In April 2019, she unveiled Árbol de la Vida, a massive sculpture that is actually 700 individual ceramic sculptures housed in a branching structure along San Antonio’s riverwalk expansion. This fall she’s been named the Art League Houston 2019 Artist of the Year. In an exhibition titled What Art Can Do: Margarita Cabrera—The Collaborative Act of Making, which runs through Nov. 2, the artist presents a direct rebuttal to the “factory” model popularized by Warhol and later given the steroid treatment by Koons. Instead, the work speaks in a much older language of community and shared work, both through its focus on craft “such as papel picado, copper hammering, Alebrijes, and ceramics as well as fiber processes” and in the way it centers immigrant communities. This ethos permeates all the way to the artist’s phrasing when speaking about her process: She uses the plural “we” or “our” to discuss the projects she generates. It’s all part of her central ideology that “art must be used as a transformative tool.”

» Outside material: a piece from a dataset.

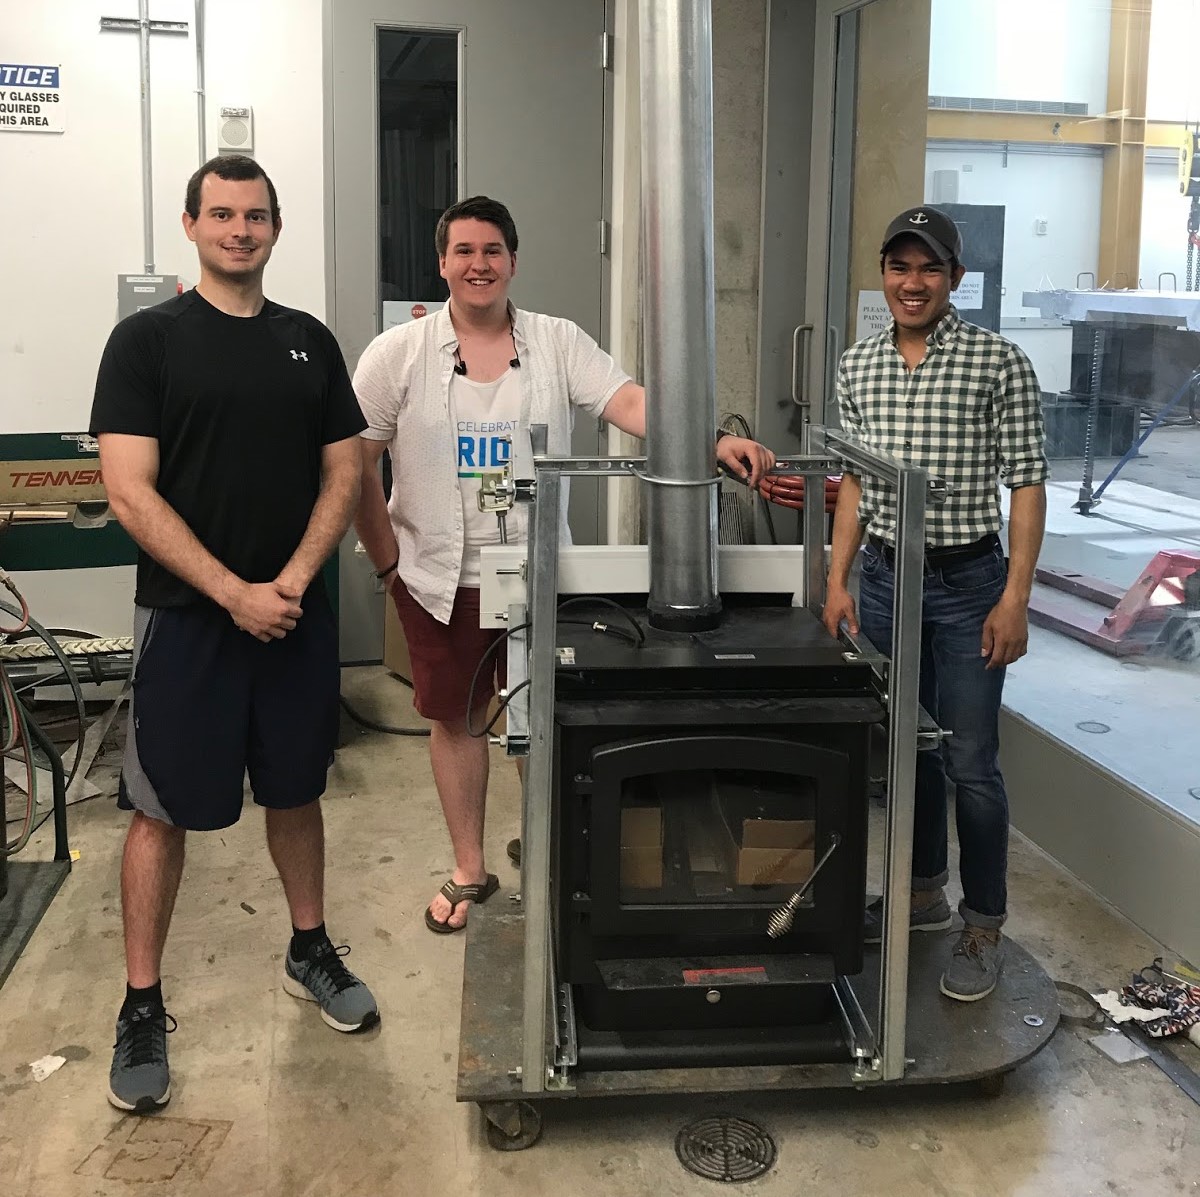 Students from George Washington University School of Engineering and Applied Science’s Department of Mechanical & Aerospace Engineering (GWU SEAS MAE) and their thermoelectric stove.

This capacity for sharing credit can’t really be overstated as the most radical facet of Cabrera’s work. Since the days of Rafael and Bernini, the “top names” have received the laurels rightfully earned by their apprentices. But, as Cabrera explains, “The innovation is in the transformative processes where the end art product is not the central concern but the establishment of inclusivity and equity is.” In other words, the objects aren’t necessarily the point. Would Bernini have even understood this concept? Because of her radical vision, Cabrera’s receipt of the 2019 Texas Artist of the Year Award, an honor to be bestowed on October 11 at the Art League gala, feels especially daring. The artist frames it with optimism. “The recognition from an established art organization and the community is really hopeful given the concepts presented in the work.”
Cabrera’s work is especially suited to the public realm due to her focus on community, but she is wary of following the model of public art (sometimes derisively referred to as “plop art”) that some cities have adopted. “If we realize that the power in public art to bring people together, uplift the community spirit, boost the economy as it engages community to define and redefine culture in positive and innovative ways, then Public Art enters a whole new ballpark and it is free to be what it is meant to be. As we say in Spanish, ‘entra en su mero mole.’ ”
With upcoming exhibitions at the Art Museum of Southeast Texas, McNay Museum of Art, Ruiz-Healy Gallery, and Talley Dunn Gallery, Cabrera’s work is still firmly situated among the traditional power centers of the art world. As she often repeats, “Art has the capacity to reflect what is around us like a mirror,” but her process of engagement with people historically held at arm’s-length by the fine art world has the potential to remake the mirror from the ground up.